PROBLEM TO WORK ON
There is one span to output from the data below: the lines starting at the line with "Hãy giải mã" and ending at the line with "Пенсионерка отсудила у". Output it exactly, ends included, nothing more.

DATA UNDER STUDY
»»

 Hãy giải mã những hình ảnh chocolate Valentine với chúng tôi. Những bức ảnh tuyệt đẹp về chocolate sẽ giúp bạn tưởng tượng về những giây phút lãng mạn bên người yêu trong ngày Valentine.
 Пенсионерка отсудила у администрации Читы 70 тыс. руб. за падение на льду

««
»»

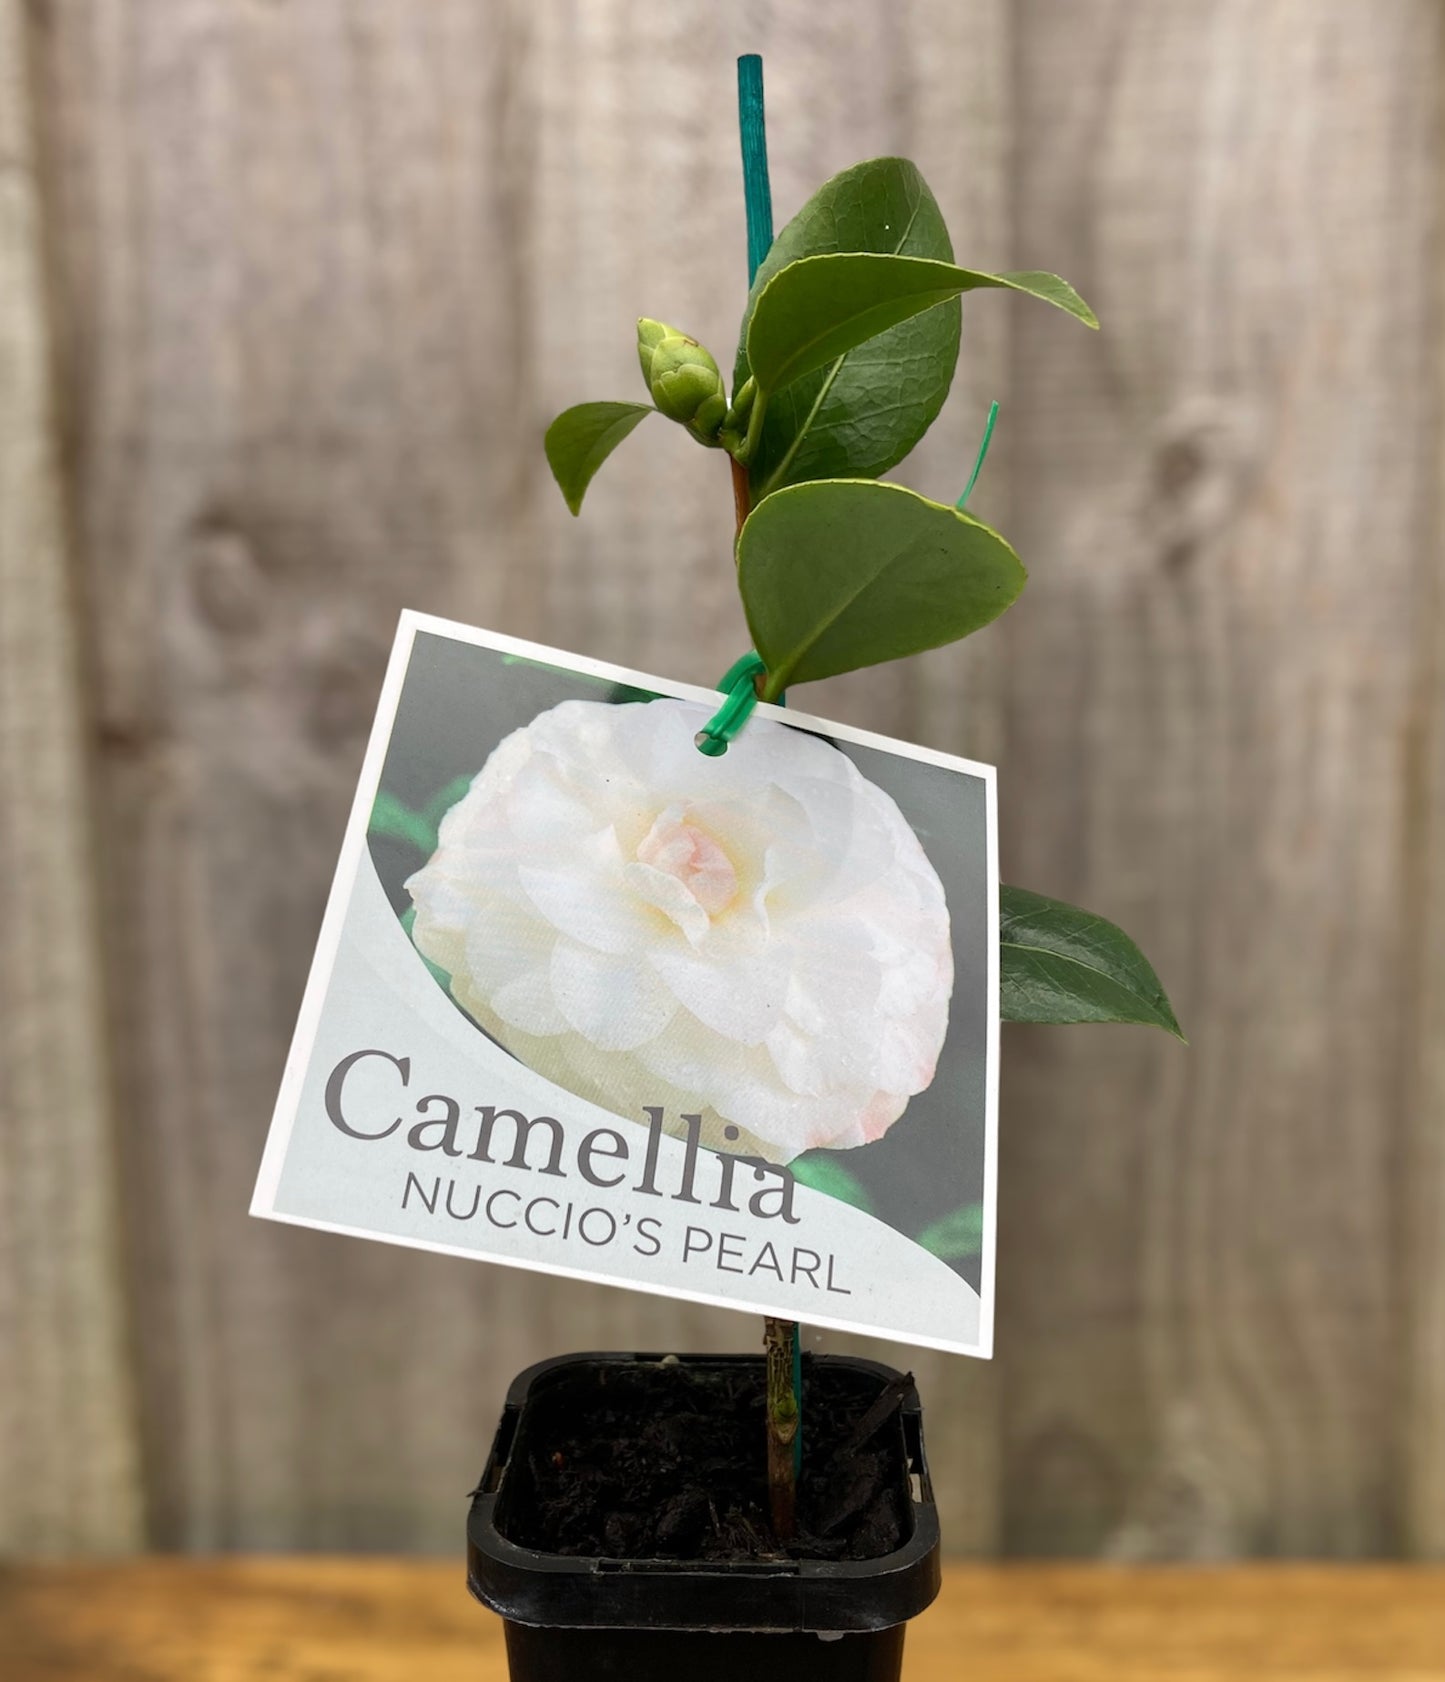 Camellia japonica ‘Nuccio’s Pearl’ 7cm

««

RESULT OF THIS EXERCISE
 Hãy giải mã những hình ảnh chocolate Valentine với chúng tôi. Những bức ảnh tuyệt đẹp về chocolate sẽ giúp bạn tưởng tượng về những giây phút lãng mạn bên người yêu trong ngày Valentine.
 Пенсионерка отсудила у администрации Читы 70 тыс. руб. за падение на льду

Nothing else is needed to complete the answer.